In a clear example of how a President’s words can have immediate impact, Maya Srikrishnan reports on how Donald Trump’s rhetoric on tax policy is already making it harder to get some affordable housing built in San Diego. As the federal government mulls corporate tax rates and “tax reform” efforts, banks are clutching their money until they can have more certainty about the risks they face.
Groups building government subsidized housing often use federal tax credits. They sell the credits to investors, who then apply the credits to reduce their own tax bill. “If the cuts materialize at the rates floated by Trump and Republicans in Congress, buying the tax credits now would end up as a loss,” Srikrishnan writes. Even groups that already have tax credits are finding them worth less on the investor market than they recently were. “Before the election, the tax credits were worth more than a dollar each. Now they’re worth around 90-95 cents,” Srikrishan reports.
• While we’re on the topic of checks written by the Presidential mouth, Reuters reports on estimates inside the Department of Homeland Security pinning the costs of President’s border wall at $21.6 billion, including 26 miles of new structure near San Diego in the earliest phase.
Market Is Up, Governments Are Broke
Unemployment is down, the stock market has reached all time highs; you might think the economy is in pretty good shape. But here in San Diego we’ve got gloom and doom on the horizon when it comes to our local government budgets. The city budget, the schools budget, and even the historically strong county budget — all are predicting shortfalls, Ashly McGlone reports.
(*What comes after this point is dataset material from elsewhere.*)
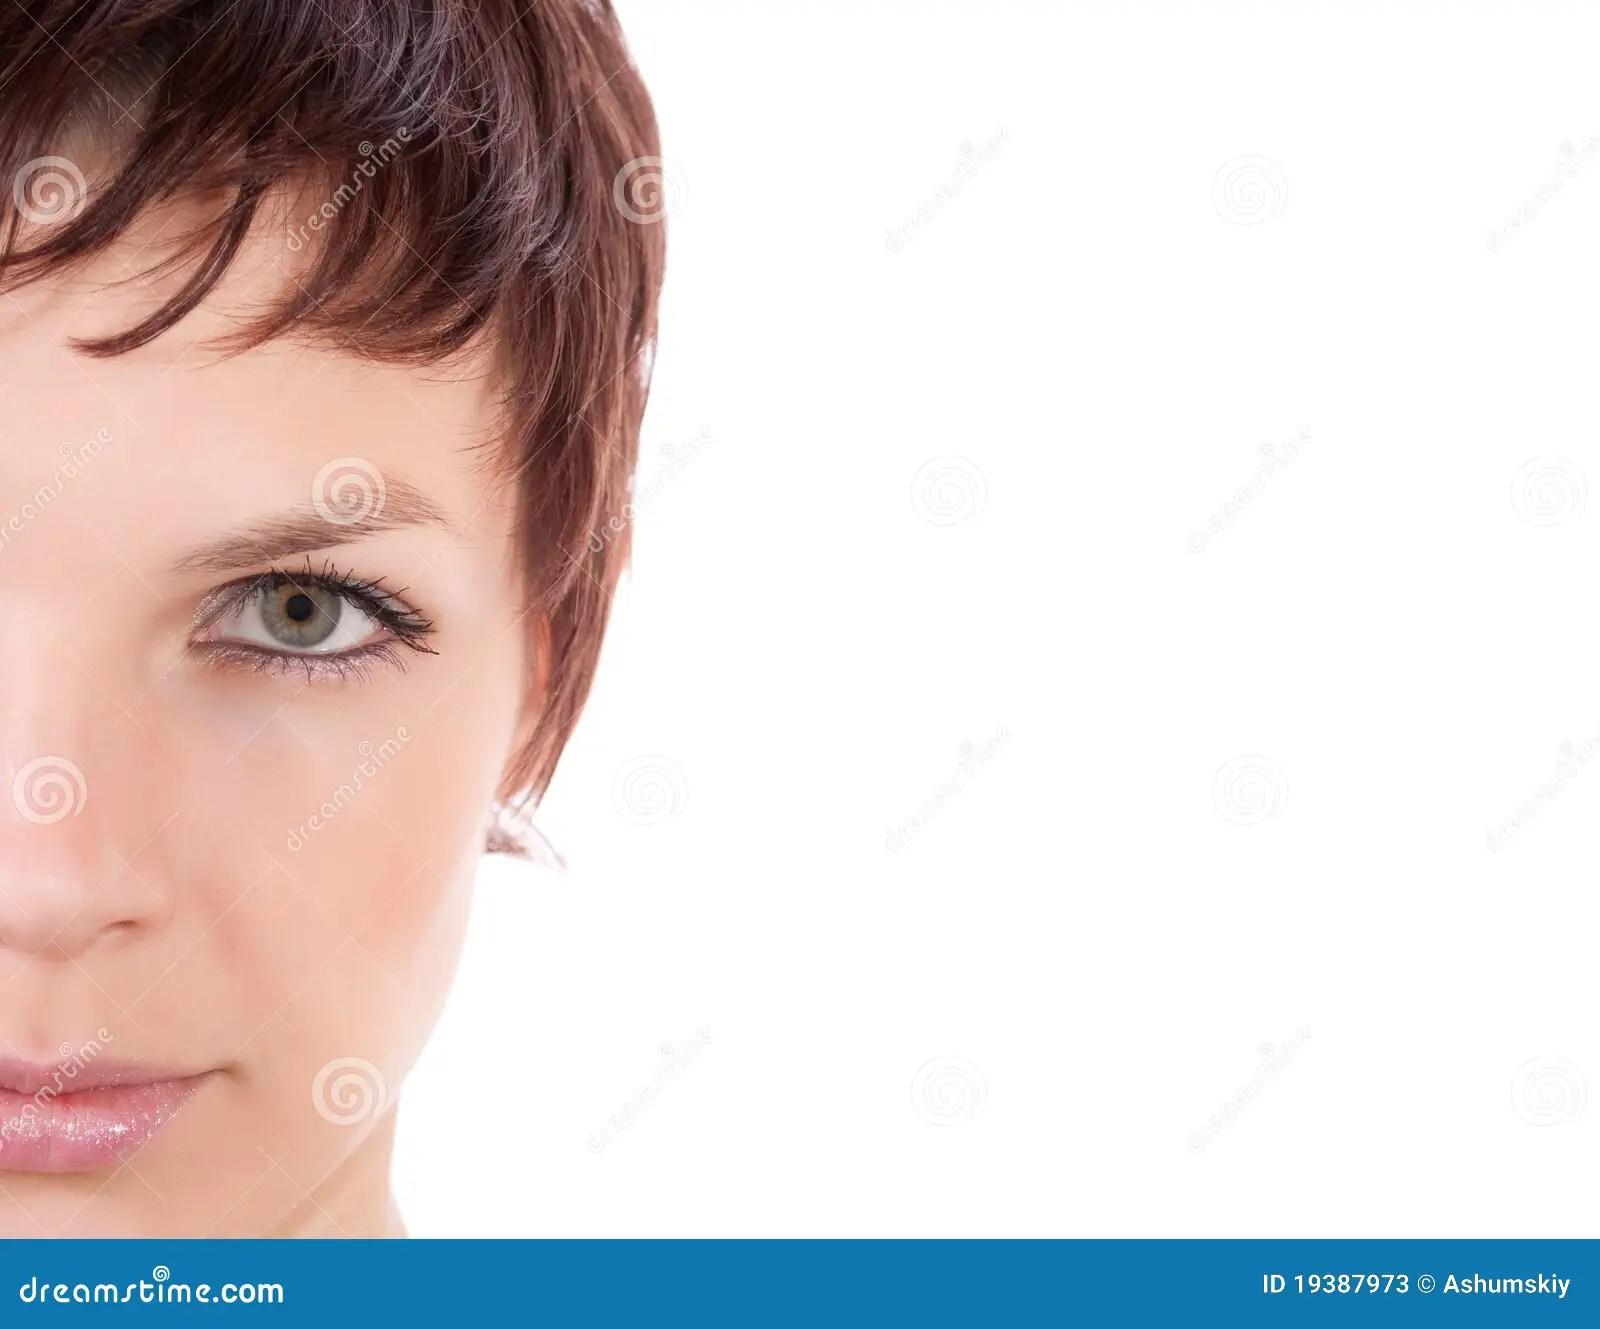 Half Face Portrait Stock Photos

At the city of San Diego and at San Diego Unified, it’s partly due to a familiar tune: pension costs. Those costs fluctuate on a variety of factors and make long-term predictions difficult. Voters have recently placed some restrictions on how the City’s tax revenues can be spent, and there’s less of those revenues to spend in general, McGlone notes. Over at San Diego Unified, the district has promised to “cut from the top first.”
The county, on the other hand, is bracing for politicians in Washington to eliminate the Affordable Care Act, placing a huge healthcare cost back onto the books. The county also has to shoulder big state cuts to healthcare funding, too.